Friday, November 14, 2014

treasures (and treasuring)

My life these past few weeks consists of making lists, making calls, filling out forms, visiting notaries, packing boxes and packing boxes ... and packing boxes.

There is so much to do, tending to what is the ultimate move of a lifetime. I know the busyness keeps me moving forward and it keeps some of the grief at bay.  There just isn't much time to sit and feel ... 





Sorting through my mother's belongings, I vacillate between feeling I am invading her privacy and paying homage to the relics of her life. One of her close friends offered me great comfort by saying "She would have wanted you to be the one to sort through her things." 




I am deeply engaged with her memories and it is a sacred process sifting through what constitutes a life. While the work keeps my mind busy, there are moments when I am ambushed by grief (a very accurate description by The Man)  and find myself stalled and unable to conceive how I will go on without her?
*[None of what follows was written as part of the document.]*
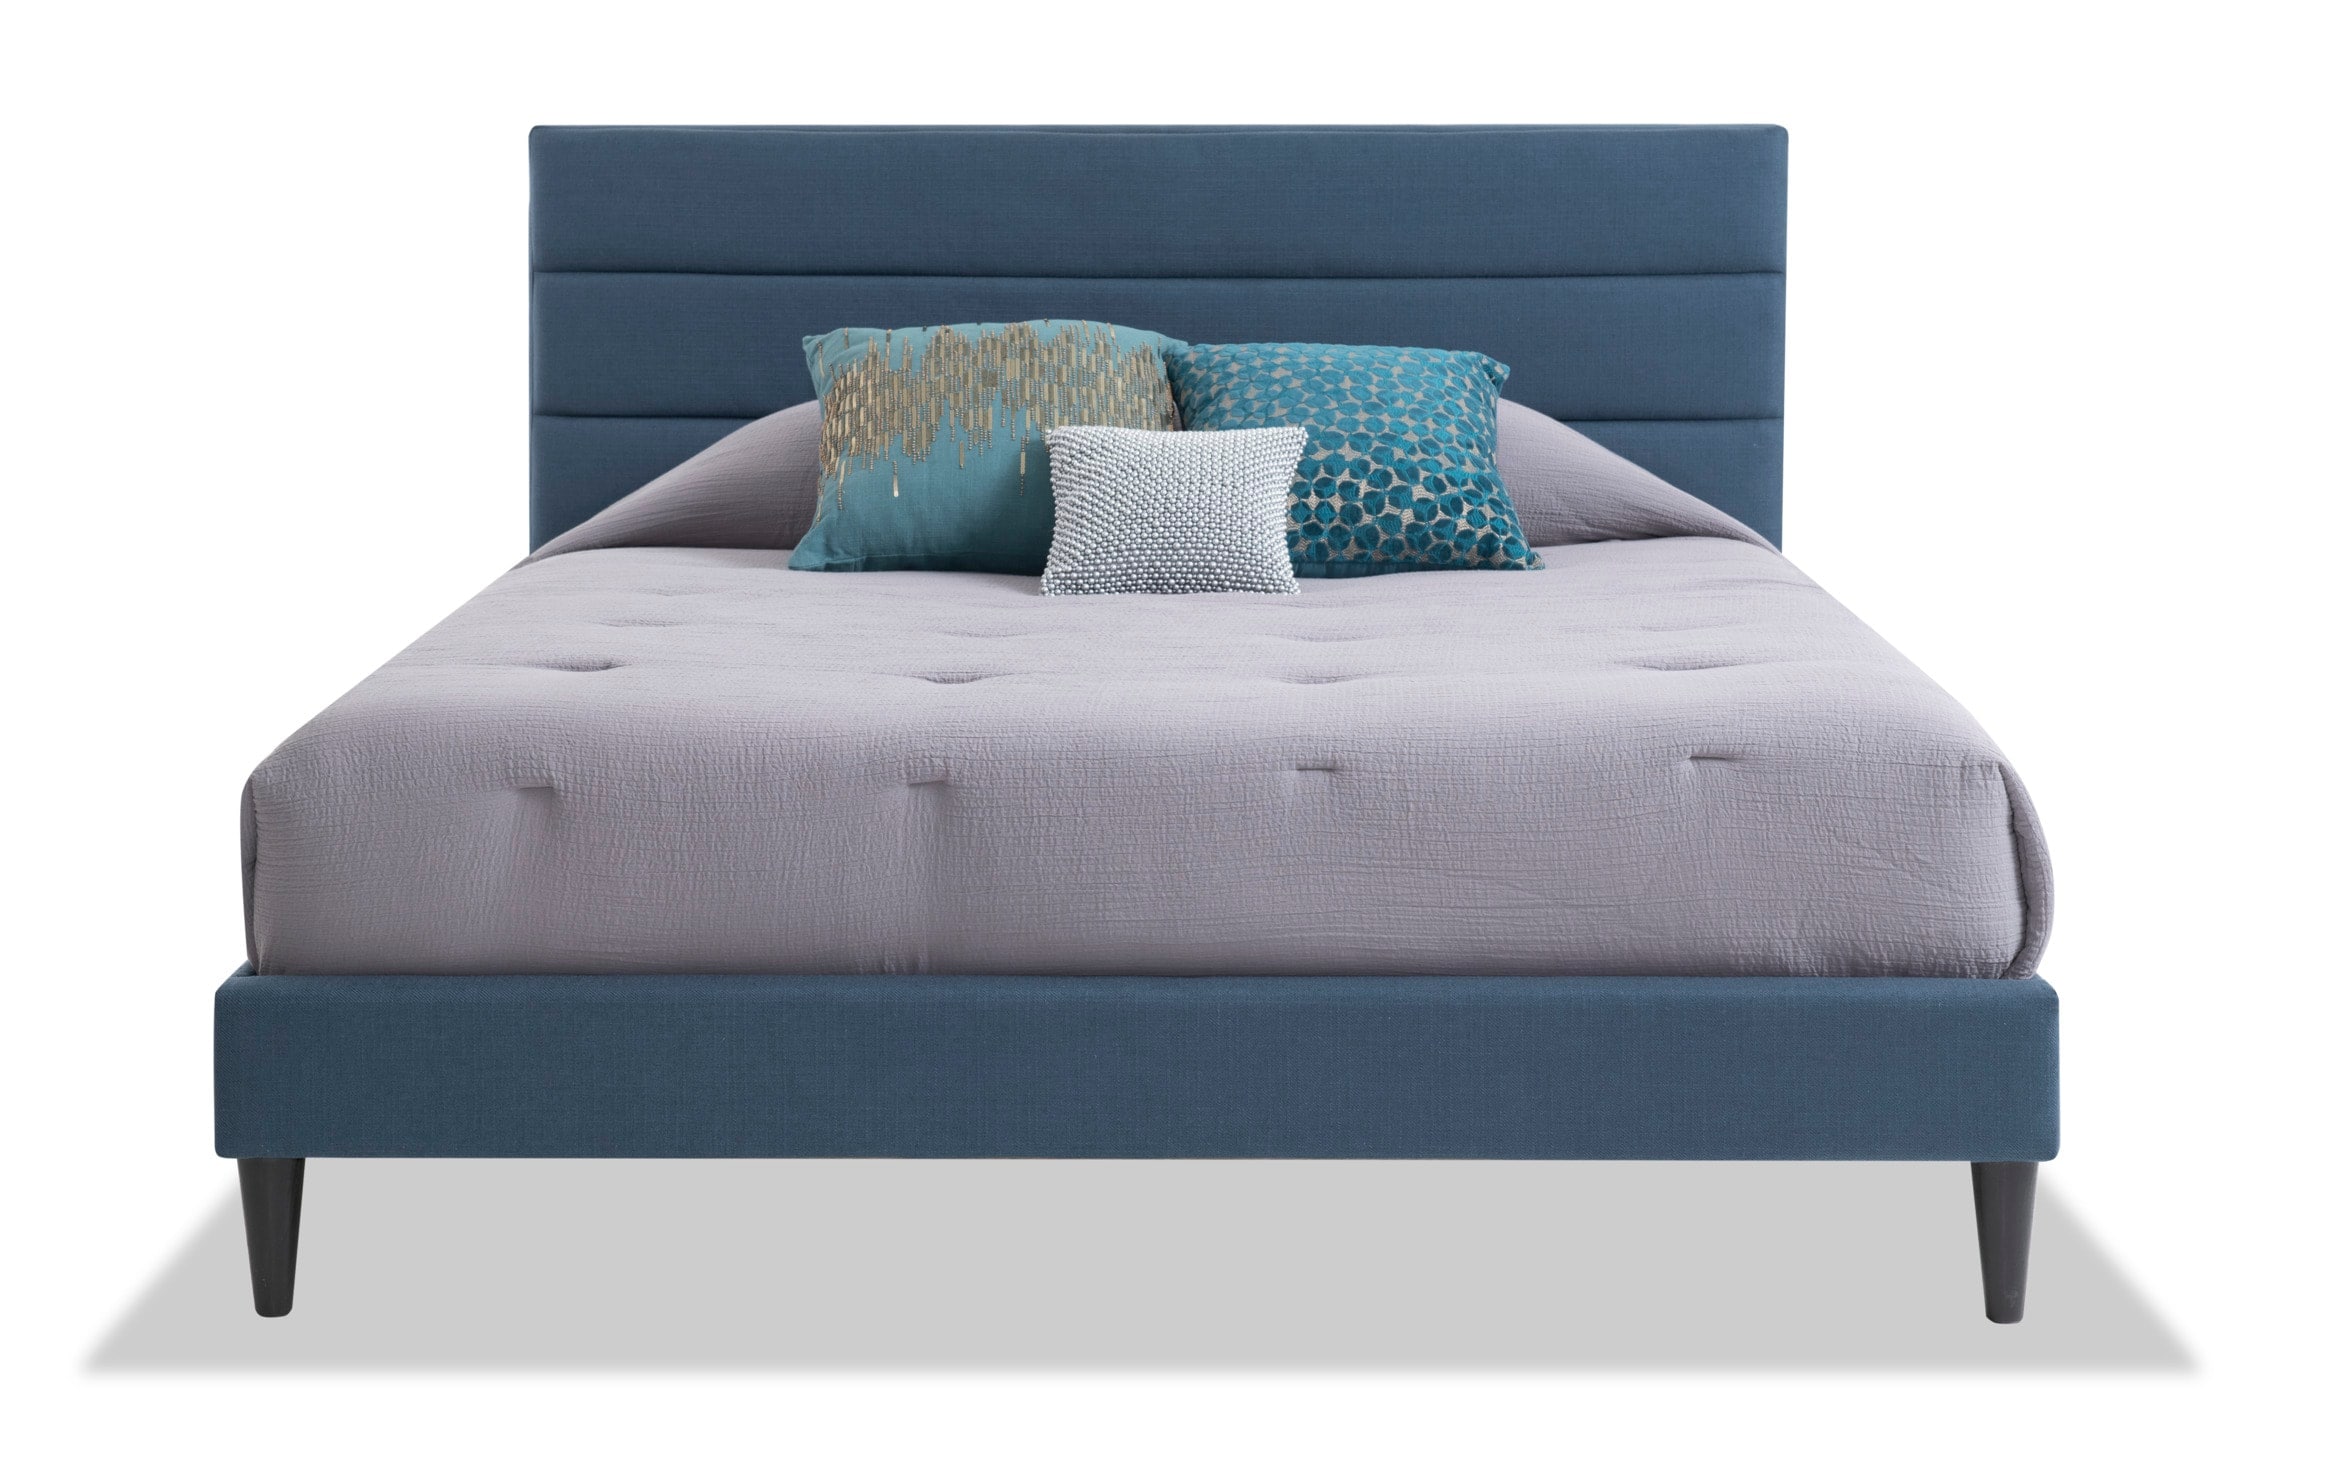 Vertellen atoom Haarvaten Lowell Horizontal Channel Blue Queen Bed | Outlet | Bob's Discount Furniture

All I know to do is hold onto my practice ... meditating with my girl and sketching every day in my journal.  Staying in my own rhythms -  engaged with my own life - while honoring hers by celebrating the details.
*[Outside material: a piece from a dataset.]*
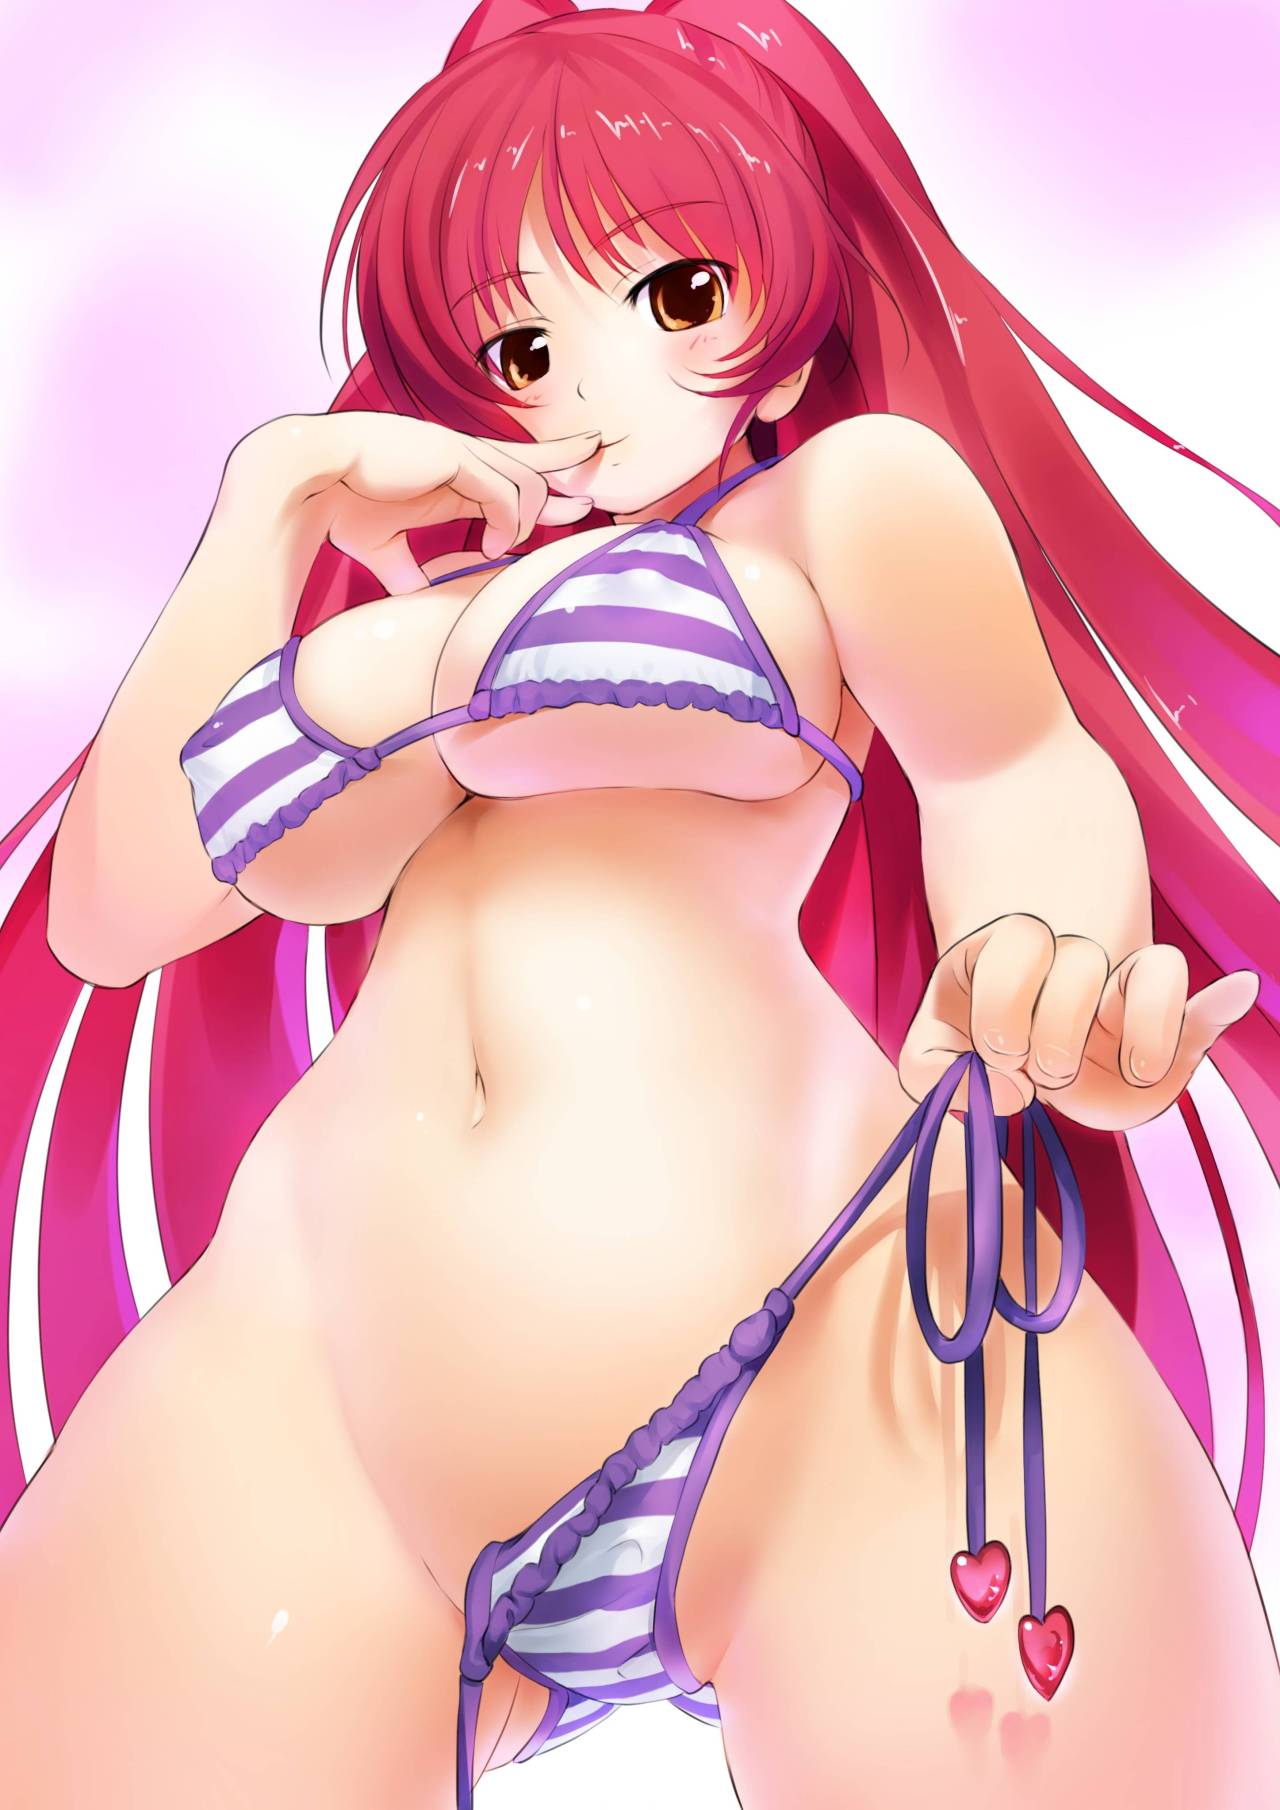 bikini girl in Sexy anime

In the process of wrapping up my mother's life, I am discovering that the process of letting her go is balanced by this coming to know her in a whole, new way.  I am finally seeing her not just as my mother, but as a complete and separate person ... a child with dreams ...








a wife, a friend, a mother, a woman on a singular and unique journey.  And by taking in the fullness of her life, I am discovering pieces of my own ...


 


... clues peppered throughout her life, pointing towards me and the person that I am and the person I am becoming. 
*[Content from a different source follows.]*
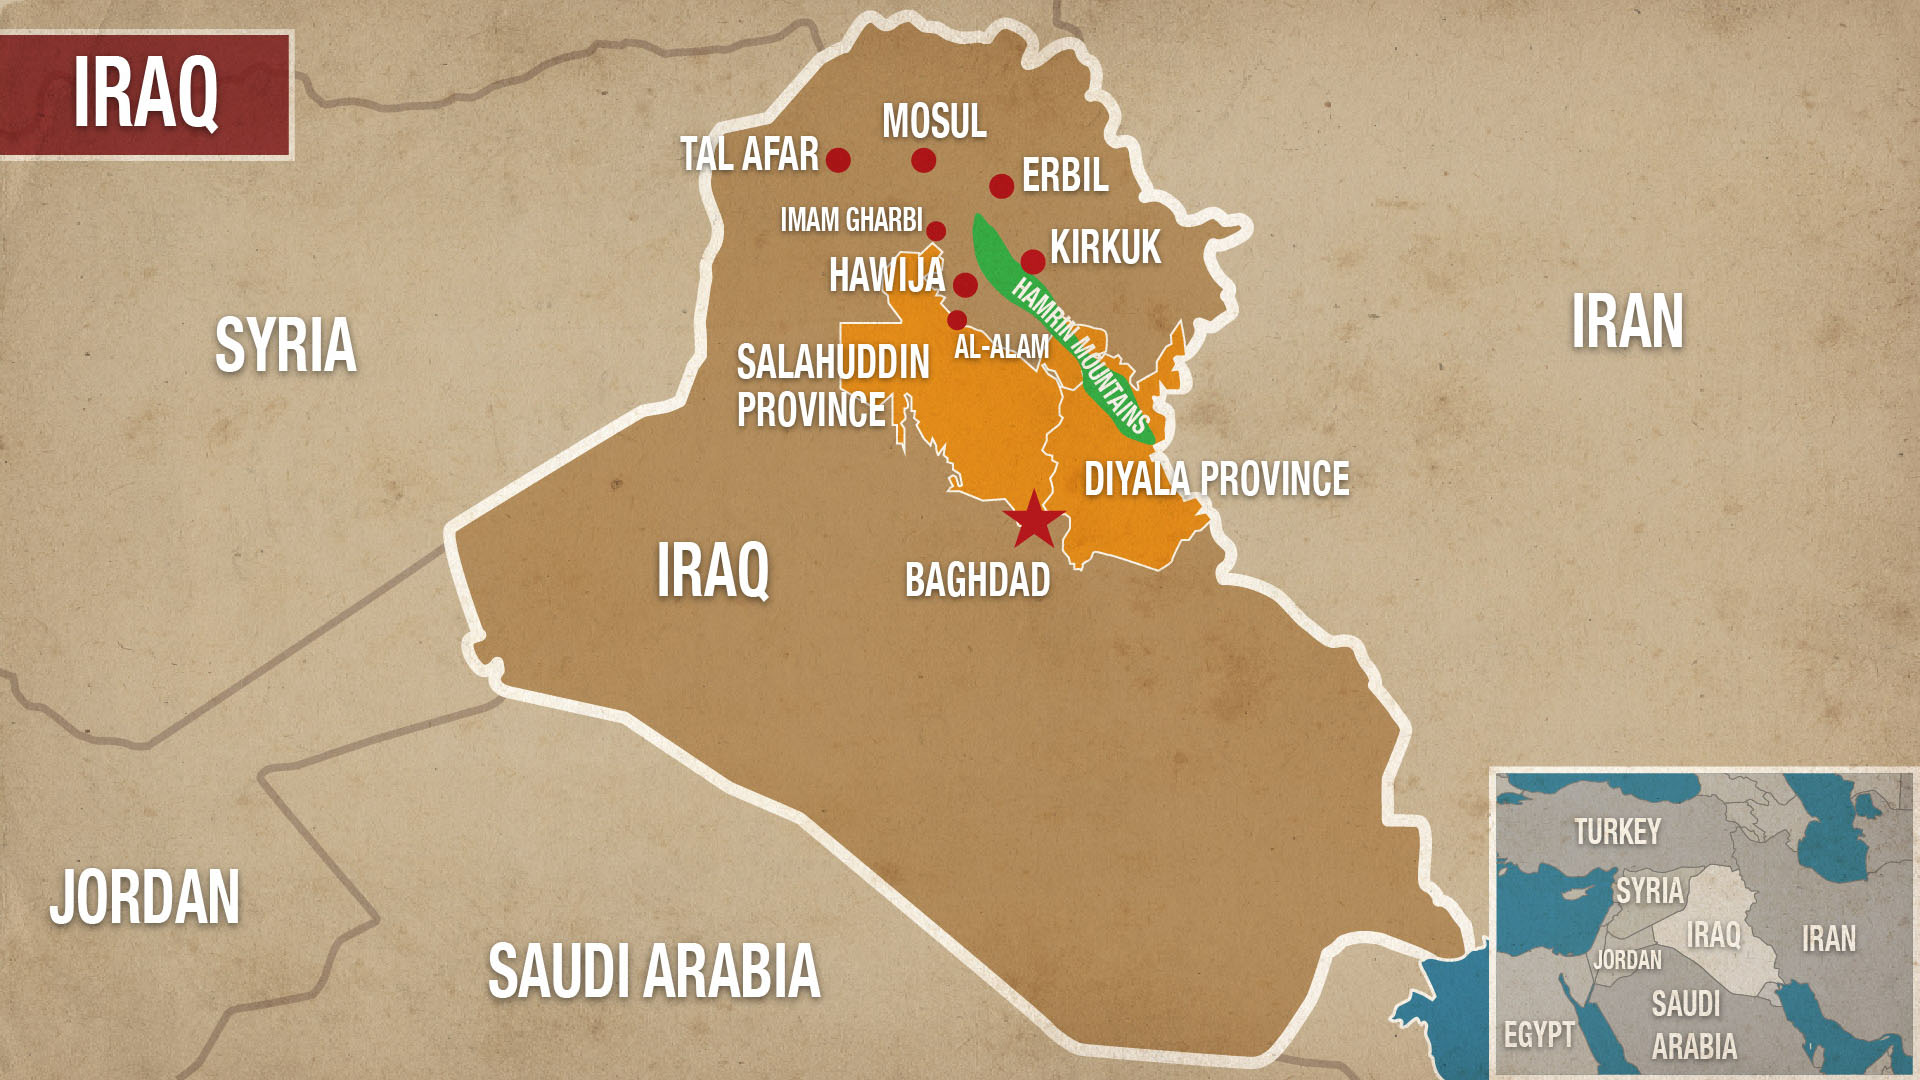 IRAQ-MOSUL-ERBIL-TAL-AFAR-HAWIJA+Provinces.jpg

I haven't lost my mother ... I'm just seeing our story in a whole, new way.  I don't have to go on without her because she is always a part of who I am ...  just as I am a part of who she was.  

 

4 comments:

  1. As always, sister, you move with grace and a deep inner knowing. I love you.

    ReplyDelete
  2. "I haven't lost my mother ... I'm just seeing our story in a whole, new way." - this truly resonated with me - I also love the idea of drawing her things. Thanks so much for sharing this!